Q. Example on hamming error correcting code?

For illustration a 4-bit matching word can stand for 2⁴=16 values that range from 0 to 15 as:

0000, 0001, 0010, 0011, 0100, 0101, 0110, 0111

1000, 1001, 1010, 1011, 1100, 1101, 1110, 1111

Value 0000 or 0 represent no error while other values that are 2ⁱ-1 (for 4 bits 2⁴- 1=15 which is from 1 to 15) signify an error condition. Every one of these 2ⁱ - 1(or 15 for 4 bits) values can be used to signify an error of an individual bit. Because error can take place at the time of transmission of 'N' bit data and 'i' bit error correction code hence we need to have as a minimum 'N+i' error values to signify them. Thus number of error correction bits must be found from subsequent equation:

2ⁱ - 1     >= N+i

If we are presuming 8-bit word then we need to have

2ⁱ - 1     >= 8+i

Say at

i=3                     LHS = 2³ -1 = 7; RHS = 8+3 = 11 

           i=4                      2ⁱ-1 = 2⁴ - 1 = 15; RHS = 8+4 = 12  

Thus for an eight-bit word we need to have as a minimum four-bit error correction code for detecting and correcting errors in a single bit at the time of transmission.

In the same way for 16 bit word we require i = 5

2⁵ -1 = 31 and 16+i = 16+5 = 21

For 16-bit word we require five error correcting bits.
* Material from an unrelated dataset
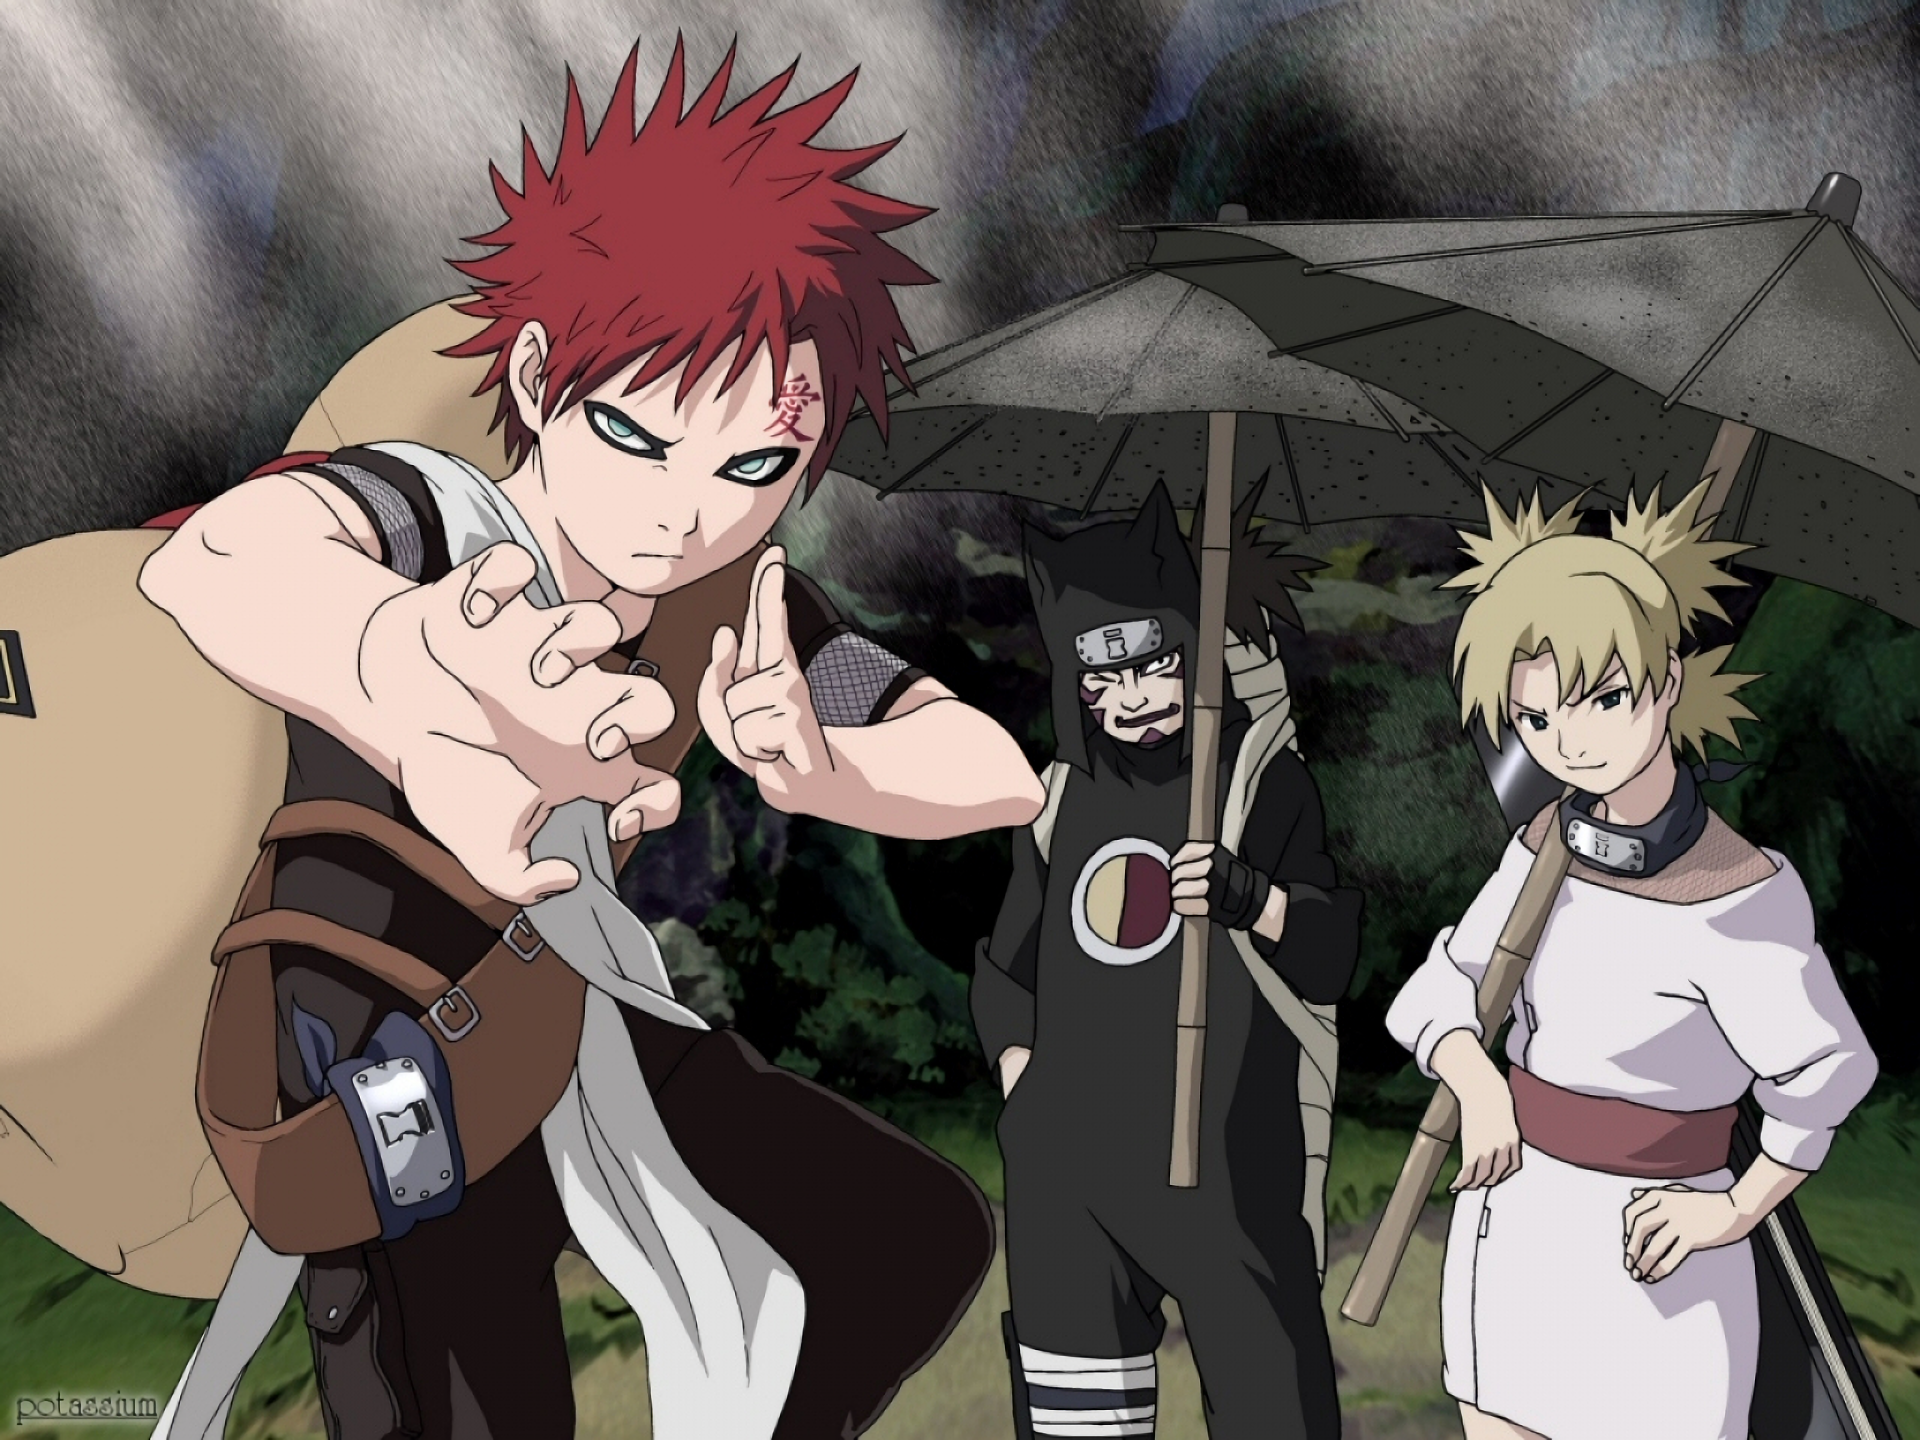 Gaara, Kankuro, and Temari from Naruto.

Let's explain this with help of an illustration:

Let's presume 4 bit data as 1010

The logic is displayed in subsequent table:

Source:

This complete information that is (data and P1

to P4) is transmitted.  

Presuming one bit error in data.

So  P1  - D1, P3 - D3, P4  -D4 pair are different so, as per Figure b1 is in error, so correct it by completing b1 to get correct data 1010.

Case 2:   Data Received as 1000  (Error in b2)

So   P1 - D1, P2 - D2,   P4 - D4 pair are different so as per figure bit b2 is in error.  So correct it by complementing it to get correct data 1010.

Case 3:  

Now let's take a case when data received is correct however on receipt one of parity bit let's say P4 become 0.  Please note in this matter because data is 1010 destination parity bits would be D1=0, D2=1, D3=0, D4=1.  So P1- D1, P2 - D2, P3 - D3 would be same however P4 -D4 are different. This doesn't belong to any of combinations in Figure above. So we conclude P4 received is wrong.